Related: 6 tips for picking the perfect hostel every time

Bonus: Marriott Homes & Villas

In 2019, Marriott entered the vacation rental market with the launch of Homes & Villas by Marriott International. These homes are available for both paid and award reservations.

Paid reservations at any of these properties earn 5 Marriott Bonvoy points per dollar spent on the base price (excluding cleaning fees and add-ons). Plus, each night will count toward your Marriott elite status qualification

These rentals will almost always impose stricter cancellation policies than Marriott’s usual brands, but are often more flexible than Airbnbs. Many homes allow you to cancel within 30 days without a penalty, or for a limited time due to the pandemic, within 10 days for only a $75 credit card processing fee.
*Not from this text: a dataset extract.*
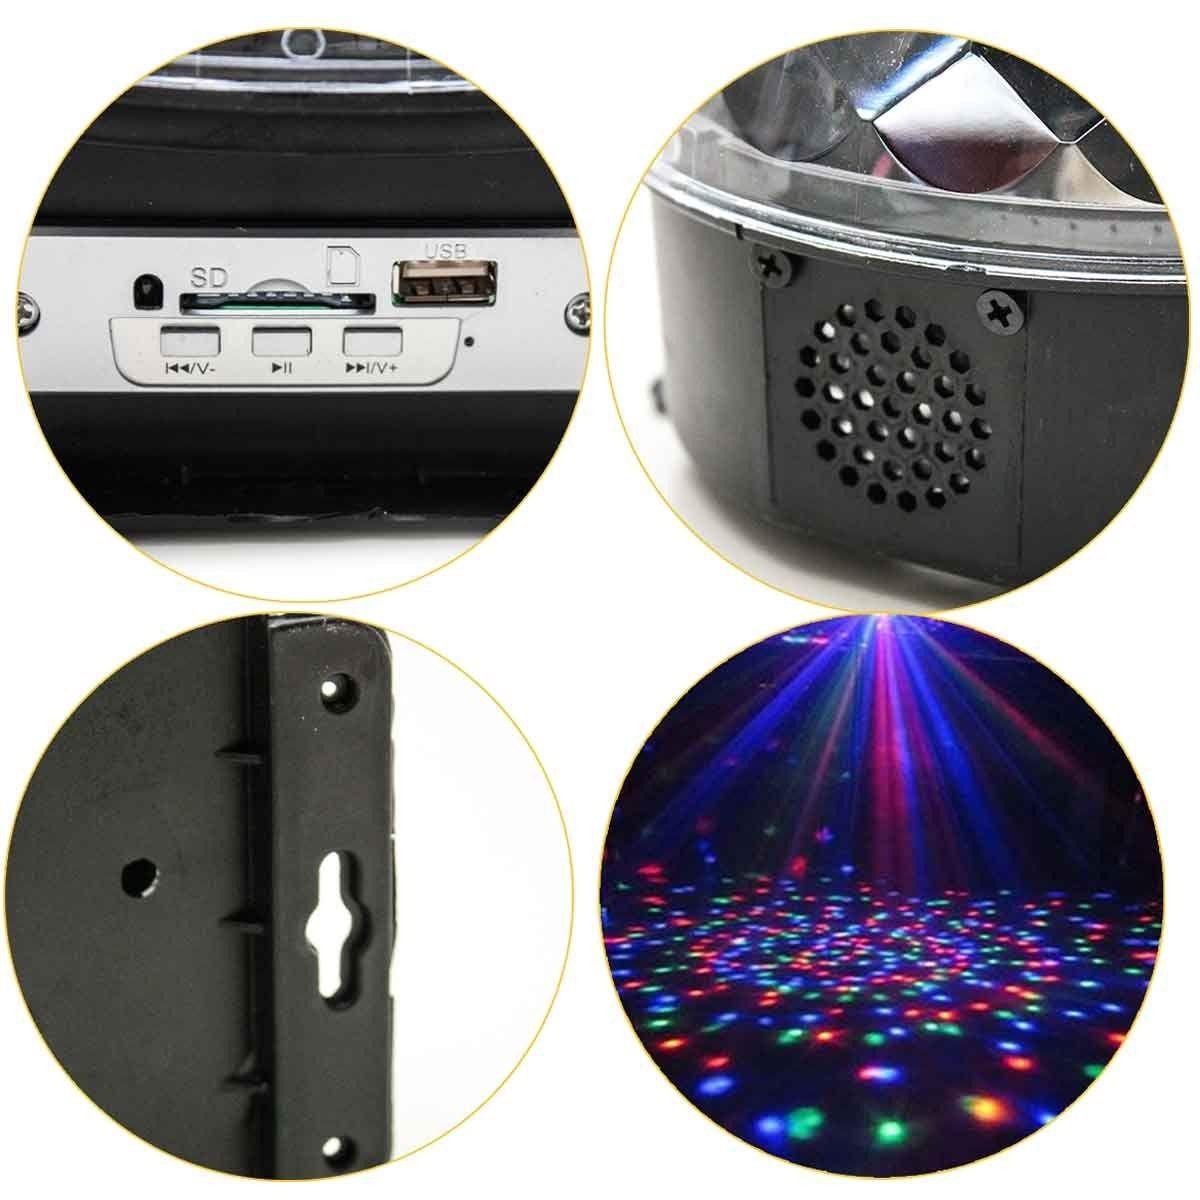 Globo Magico Led De Cristal Luatek 30 WATTS RGB MP3 CONTROLE LK 306B - Usb/sd
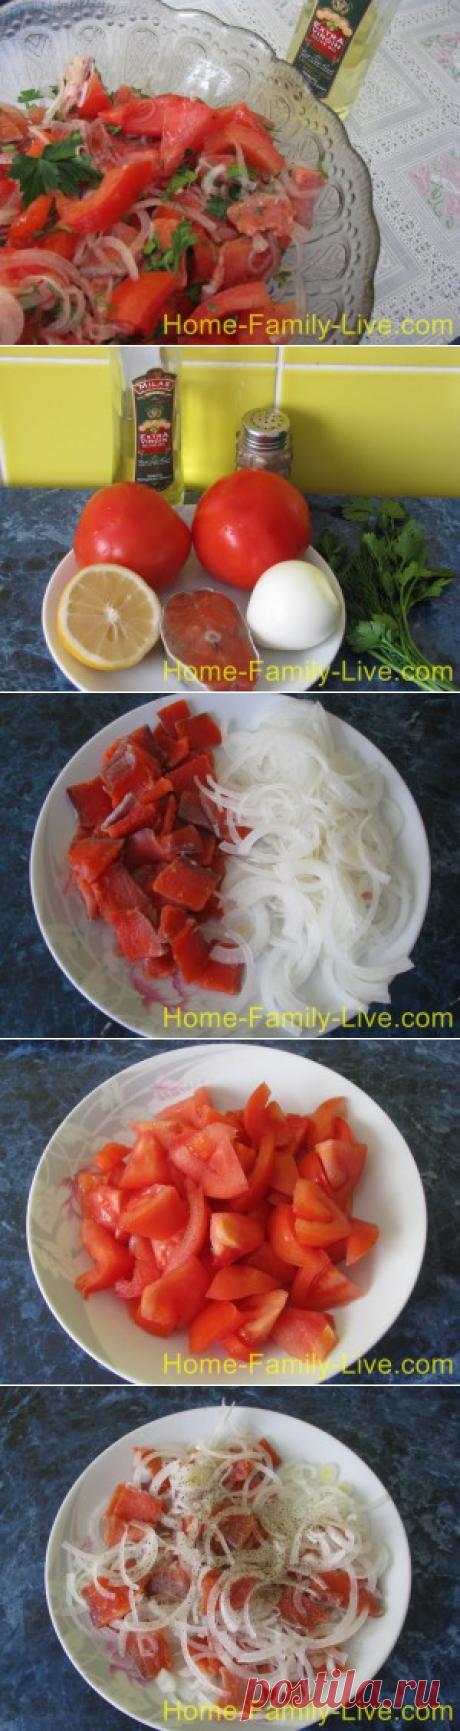 La ensalada Del Amur - poshagovyy la fotoreceta - magro salatkulinarnye las recetas

On the redemptions side, Marriott appears to offer a fairly consistent redemption value of 0.6 cents per point. However, the process for redeeming points is a bit convoluted and may require you to contact the reservations team.

Related: I earned 15,000 Marriott points just by renting a home for 10 days — here’s how

(Photo by Scott Mayerowitz/The Points Guy)
A Marriott vacation home in Cape Cod, Massachusetts. (Photo by Scott Mayerowitz/The Points Guy)

Bottom line

You don’t need to stay at a major chain hotel to earn or redeem points on your lodging. Using these tips and tricks, you’ll be able to earn rewards on everything from campsites and hostels to igloos, independent boutique hotels, Airbnbs and more. Even if you don’t travel often, you’ll see that these points add up pretty quickly.